NAK on converting RMP entries in response to guest accesses. Corrupting guest
data (due to dropping the "validated" flag) on a rogue/incorrect guest emulation
request or misconfigured PV feature is double ungood. The potential kernel panic
below isn't much better.
And I also don't think we need this heavyweight flow for user access, e.g.

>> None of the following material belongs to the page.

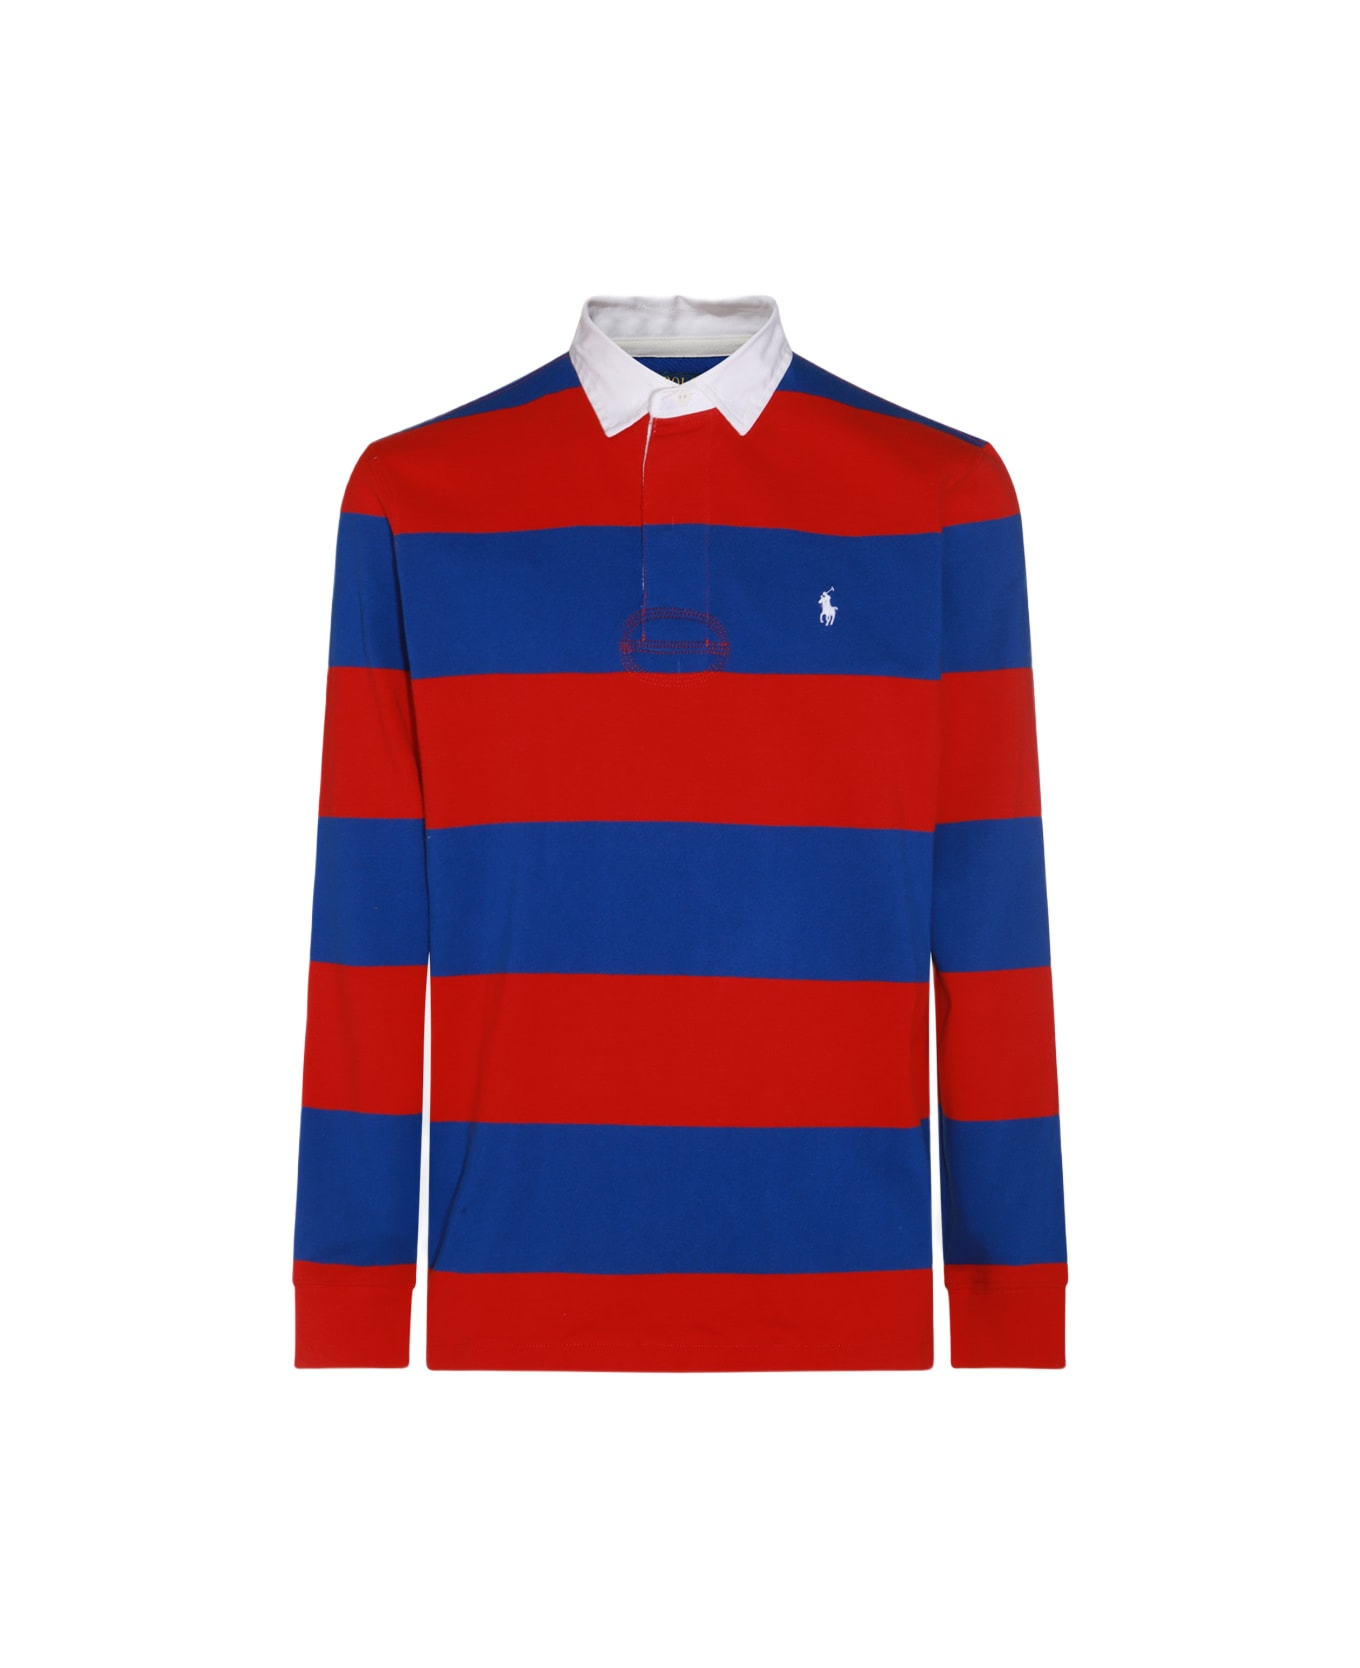 Polo Ralph Lauren Red And Blue Cotton Polo Shirt - RL 2000 RED/RUGBY ROYAL

__copy_to_user(), just eat the RMP violation #PF like all other #PFs and exit
to userspace with -EFAULT.
kvm_vcpu_map() and friends might need the manual lookup, at least initially,
in an ideal world that would be naturally handled by gup(), e.g. by unmapping
guest private memory or whatever approach TDX ends up employing to avoid #MCs.
+ */
+ if (rmpentry_assigned(e)) {
+ pr_err("SEV-SNP: write to guest private gfn %llx\n", gfn);
+ rc = snp_make_page_shared(kvm_get_vcpu(kvm, 0),
+ gfn << PAGE_SHIFT, pfn, PG_LEVEL_4K);
+ BUG_ON(rc != 0);
+ }
+}
...
+void kvm_arch_write_gfn_begin(struct kvm *kvm, struct kvm_memory_slot *slot, gfn_t gfn)
+{
+ update_gfn_track(slot, gfn, KVM_PAGE_TRACK_WRITE, 1);
Tracking only writes isn't correct, as KVM reads to guest private memory will
return garbage. Pulling the rug out from under KVM reads won't fail as
spectacularly as writes (at least not right away), but they'll still fail. I'm
actually ok reading garbage if the guest screws up, but KVM needs consistent
semantics.
Good news is that per-gfn tracking is probably overkill anyways. As mentioned
above, user access don't need extra magic, they either fail or they don't.
For kvm_vcpu_map(), one thought would be to add a "short-term" map variant that
is not allowed to be retained across VM-Entry, and then use e.g. SRCU to block
PSC requests until there are no consumers.